Do some cleanup of file path name handling.

This started trying to cleanup DownloadManager::GenerateFilename which asserts if your system locale isn't UTF-8 (I ran into this when mine got messed up). The solution is to have GetSuggestedFilename return a FilePath rather than calling FromWStringHack. The rest of the patch is a result of trying to write GetSuggestedFilename in a reasonable way. I changed ReplaceIllegalCharacters to work on a FilePath::StringType. Some places in the code calling these functions got cleaner, some got messier. I think overall the ones that got messier are the ones doing sketchy things with paths and the ones that got cleaner are the ones doing things more properly. The only code here that gets called a nontrivial number of times is the weburlloader, and I think the new code does about the same number of string conversions overall (though on certain platforms the number will be higher or lower). BUG=none TEST=none Review URL: http://codereview.chromium.org/271056 git-svn-id: svn://svn.chromium.org/chrome/trunk/src@29832 0039d316-1c4b-4281-b951-d872f2087c98
author: brettw@chromium.org <brettw@chromium.org@0039d316-1c4b-4281-b951-d872f2087c98> 2009-10-22 23:06:12 +0000
committer: brettw@chromium.org <brettw@chromium.org@0039d316-1c4b-4281-b951-d872f2087c98> 2009-10-22 23:06:12 +0000
commit: de29433580baeecc204edc9ca0c2aa47c51aa93a (patch)
tree: ec55f655f63f7e09fb373c1e7d784c2e721c6119 /base
parent: 2c1639589b5932b565c9d420cb79b56a4212a706 (diff)
download: chromium_src-de29433580baeecc204edc9ca0c2aa47c51aa93a.zip
chromium_src-de29433580baeecc204edc9ca0c2aa47c51aa93a.tar.gz
chromium_src-de29433580baeecc204edc9ca0c2aa47c51aa93a.tar.bz2
3 files changed, 77 insertions, 44 deletions
diff --git a/base/i18n/file_util_icu.cc b/base/i18n/file_util_icu.cc
index 0bc9db6..4d33e3a 100644
--- a/base/i18n/file_util_icu.cc
+++ b/base/i18n/file_util_icu.cc
@@ -124,50 +124,47 @@ bool IsFilenameLegal(const string16& file_name) {
   return Singleton<IllegalCharacters>()->containsNone(file_name);
 }
 
-void ReplaceIllegalCharacters(std::wstring* file_name, int replace_char) {
+void ReplaceIllegalCharactersInPath(FilePath::StringType* file_name,
+                                    char replace_char) {
   DCHECK(file_name);
 
-  DCHECK(!(Singleton<IllegalCharacters>()->contains(replace_char)) &&
-         replace_char < 0x10000);
+  DCHECK(!(Singleton<IllegalCharacters>()->contains(replace_char)));
 
   // Remove leading and trailing whitespace.

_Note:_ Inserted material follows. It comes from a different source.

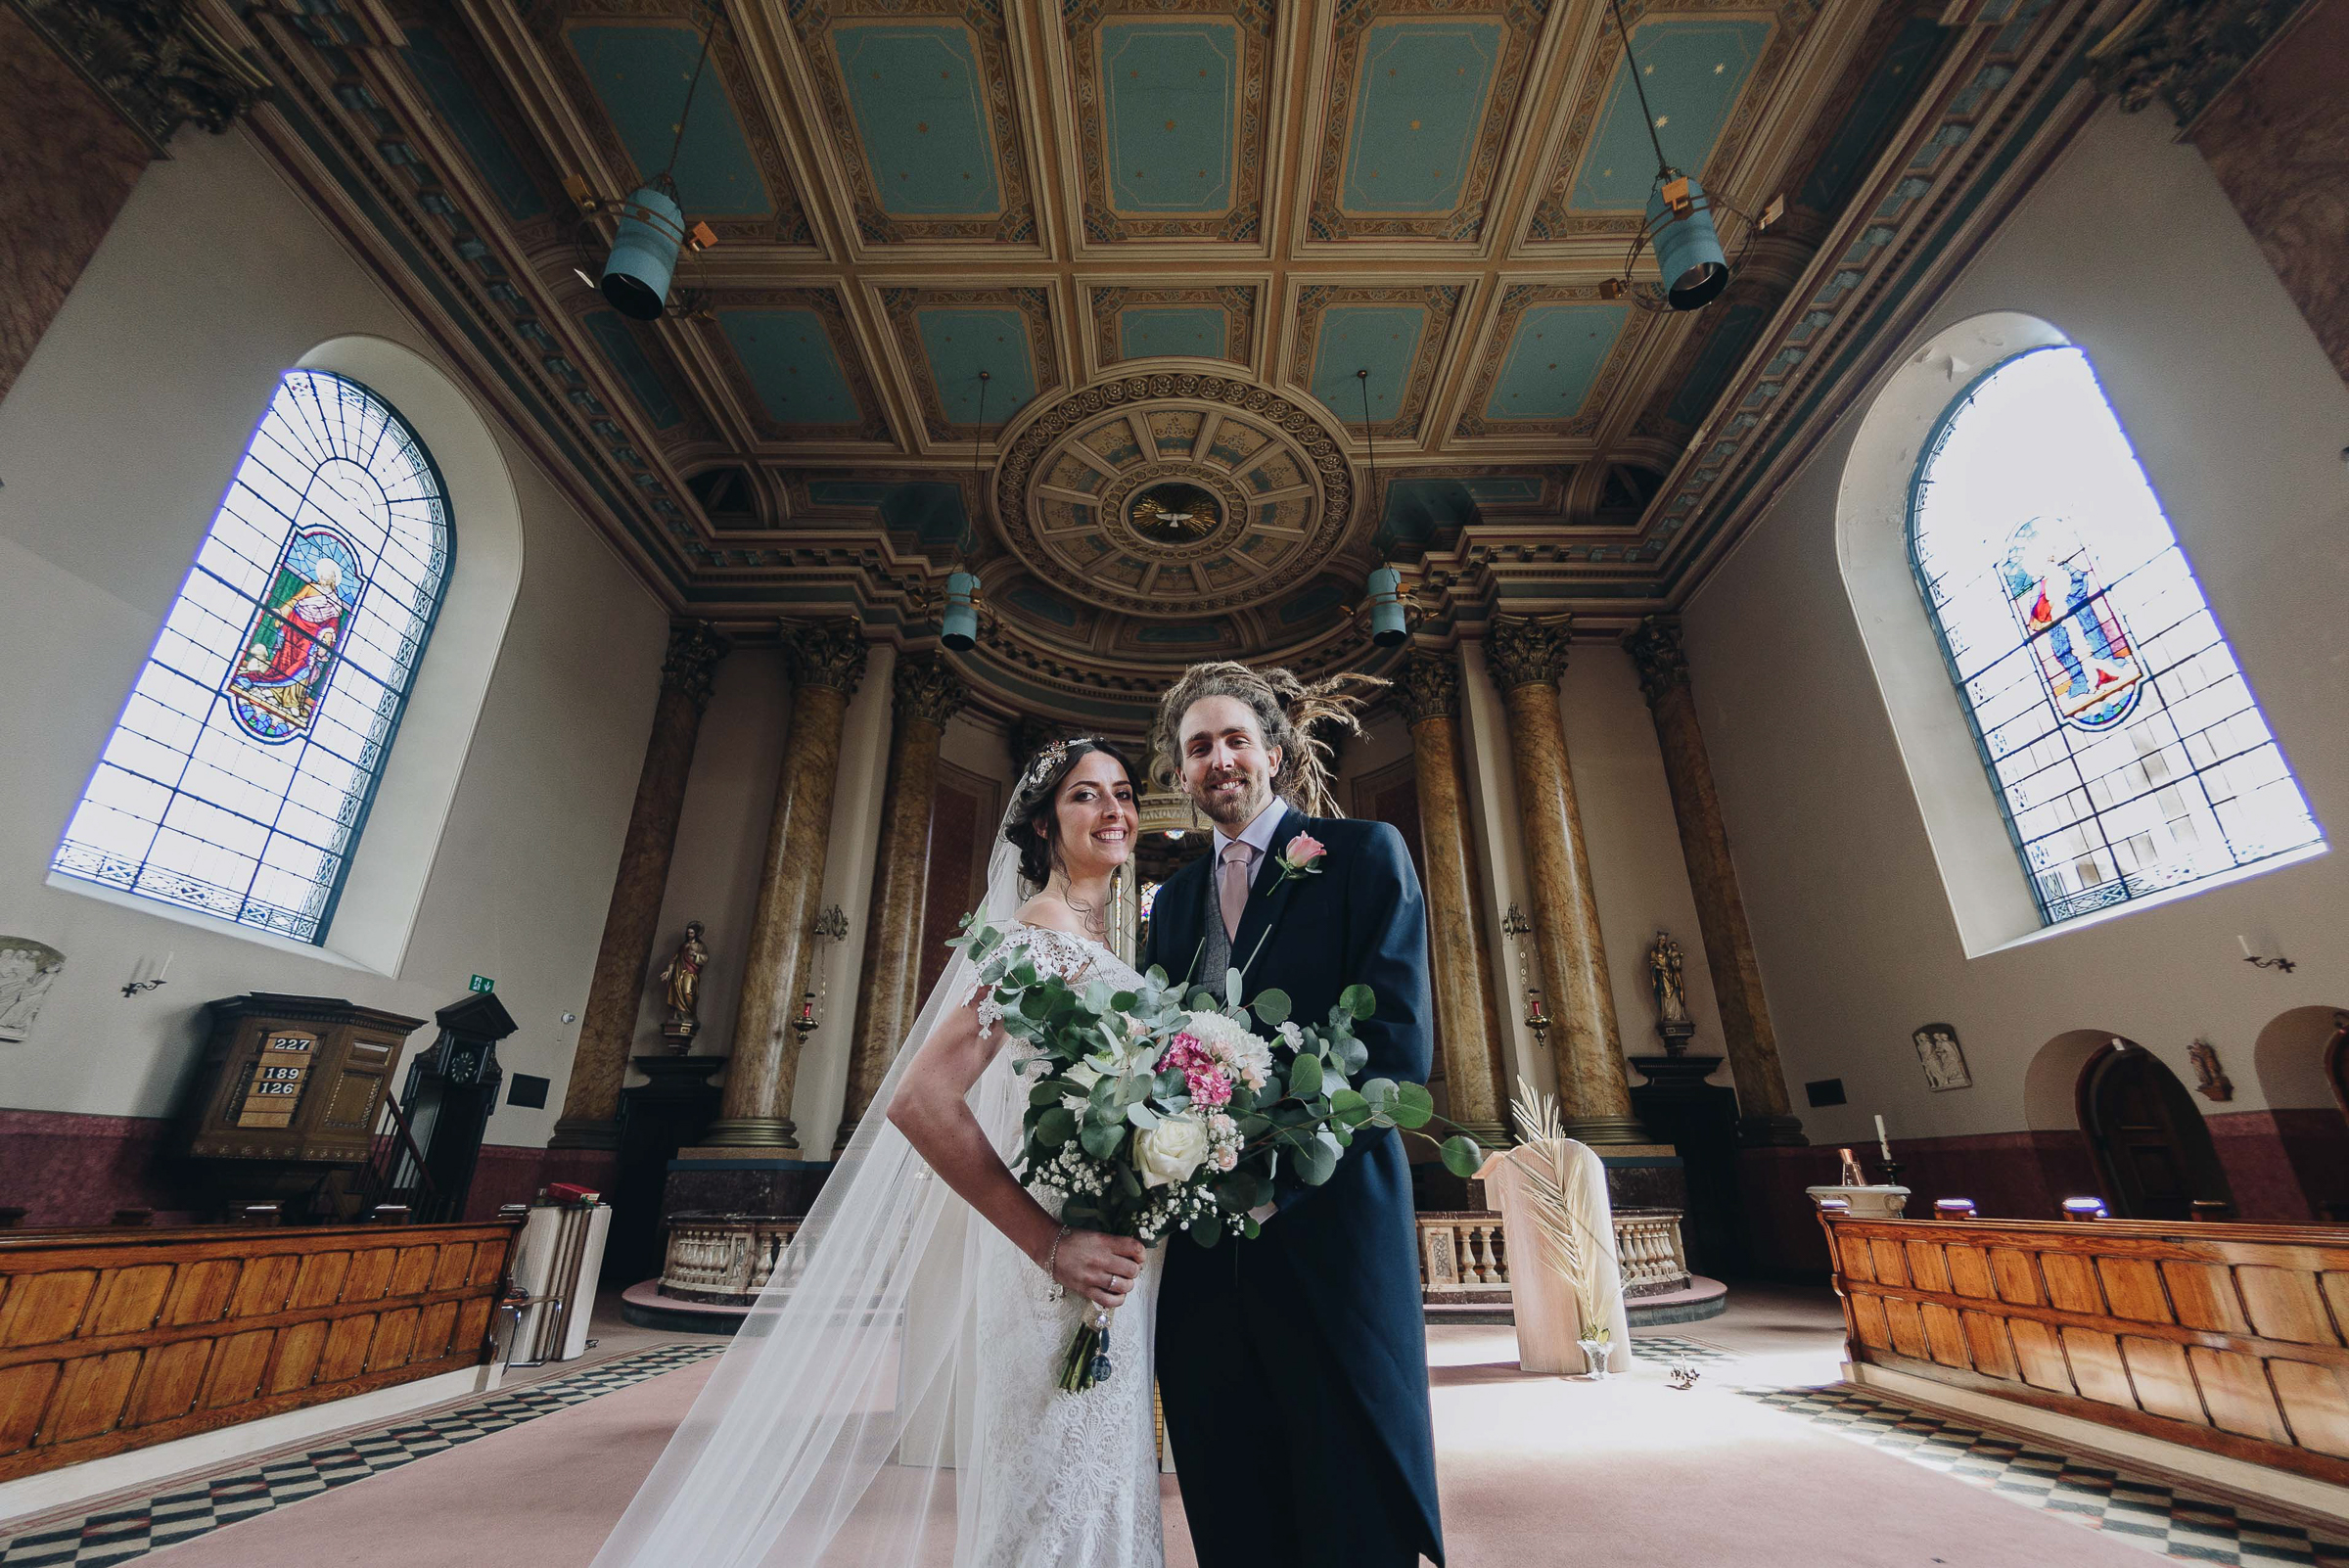 Rochdale-town-hall-vegan-harry-potter-wedding-photography-27.jpg

   TrimWhitespace(*file_name, TRIM_ALL, file_name);
 
-  if (IsFilenameLegal(WideToUTF16(*file_name)))
-    return;
+  IllegalCharacters* illegal = Singleton<IllegalCharacters>::get();
+  int cursor = 0;  // The ICU macros expect an int.
+  while (cursor < static_cast<int>(file_name->size())) {
+    int char_begin = cursor;
+    uint32 code_point;
+#if defined(OS_MACOSX)
+    // Mac uses UTF-8 encoding for filenames.
+    U8_NEXT(file_name->data(), cursor, static_cast<int>(file_name->length()),
+            code_point);
+#elif defined(OS_WIN)
+    // Windows uses UTF-16 encoding for filenames.
+    U16_NEXT(file_name->data(), cursor, static_cast<int>(file_name->length()),
+             code_point);
+#elif defined(OS_LINUX)
+    // Linux doesn't actually define an encoding. It basically allows anything
+    // except for a few special ASCII characters.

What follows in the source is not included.